Molecular testing and genomic testing are now considered standard of care in breast cancer, guiding treatment decisions in early breast cancer and targeted therapies in the metastatic setting. “But tumors evolve,” Virginia Kaklamani, MD, DSc, reminded participants at the 2022 Lynn Sage Breast Cancer Symposium,1 “and the only way for us to capture this evolution is by doing serial biopsies, preferably liquid biopsies, so we can see how we might change our treatment to benefit patients.”
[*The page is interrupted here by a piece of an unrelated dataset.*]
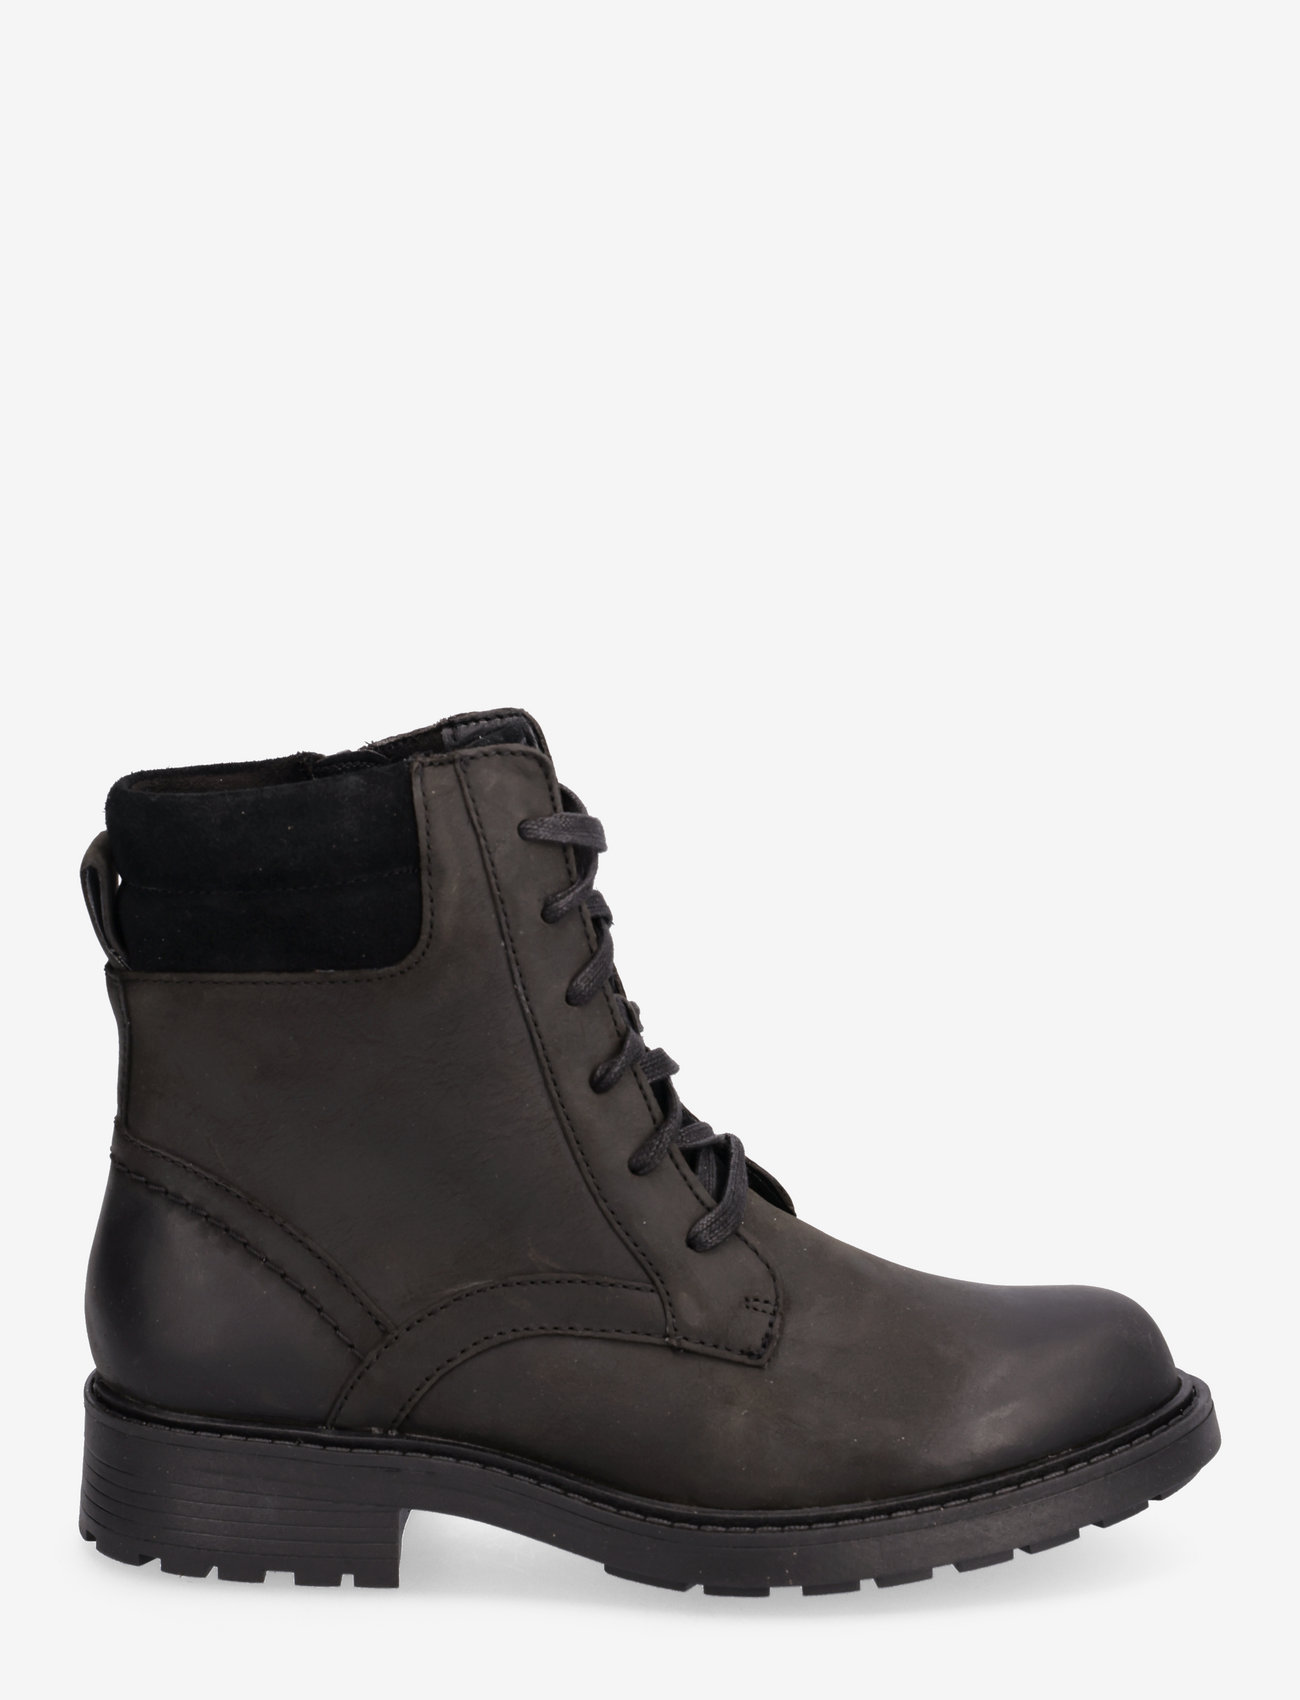 Clarks - Orinoco2 Spice - laced boots - black leather - 1
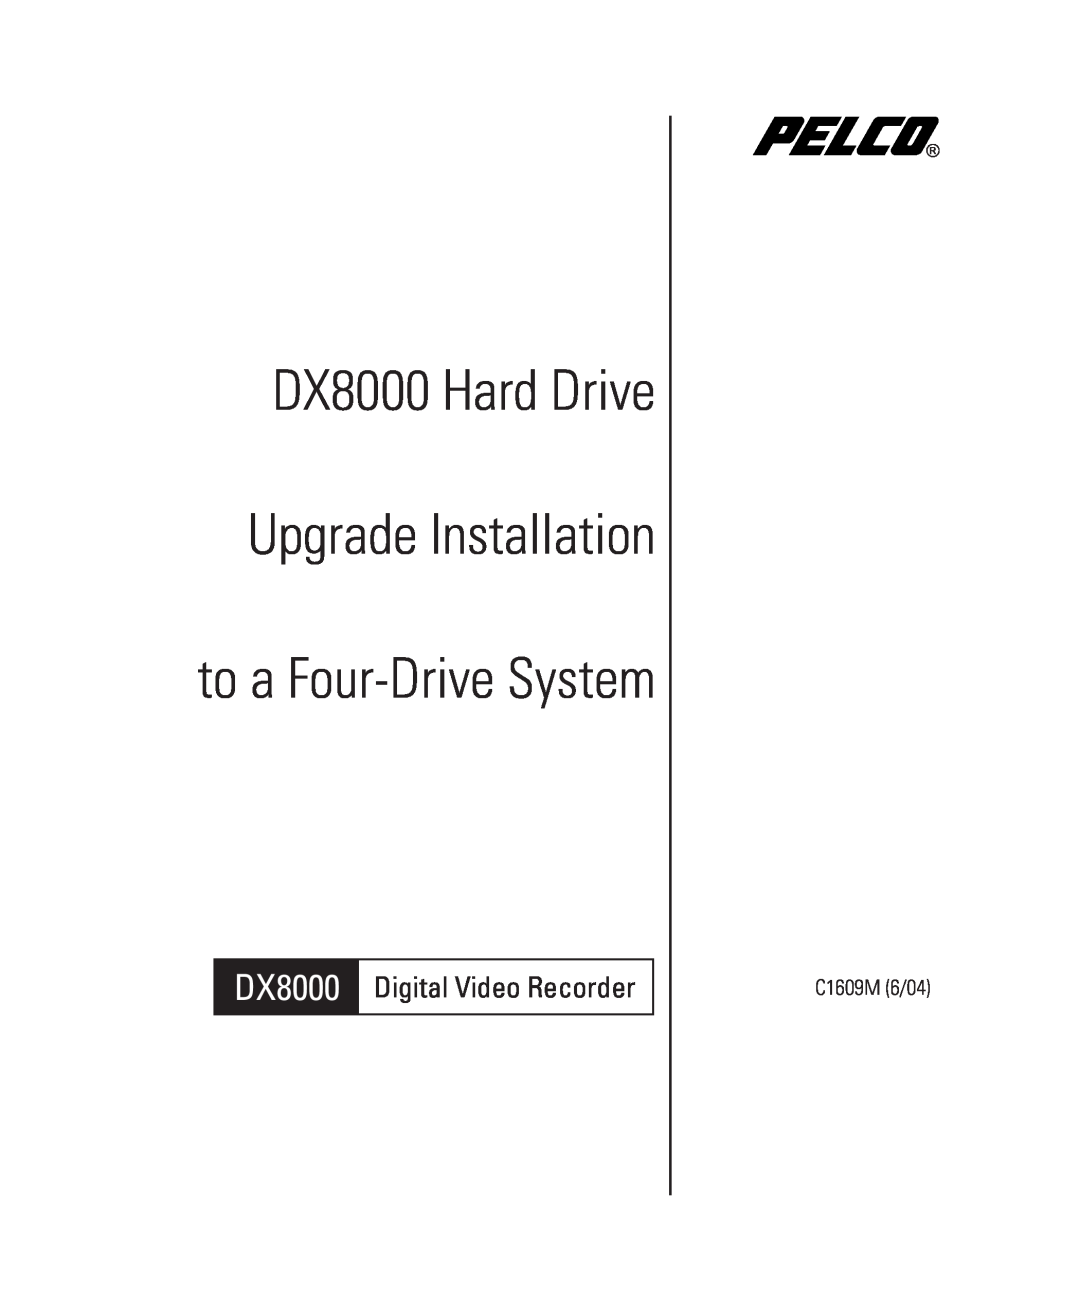 Pelco Dx8000, dx8100 manual Tech Tips, DX8100 DVR COMPATIBILITY WITH THE DX8000, COMPATIBILITY - DX8000 vs. DX8100

Dr. Kaklamani is Professor of Medicine and Leader, Breast Oncology Program, Mays Cancer Center, UT Health, San Antonio, MD Anderson Cancer Center. The symposium was hosted by the Robert H. Lurie Comprehensive Cancer Center of Northwestern University, Chicago.
Capturing Modifications
Dr. Kaklamani cited the PADA-1 trial2 as a “fascinating trial” that demonstrated the value of capturing tumor modifications. The study recruited more than 1,000 women with hormone receptor–positive, HER2-negative metastatic breast cancer and no prior systemic treatment for metastatic disease.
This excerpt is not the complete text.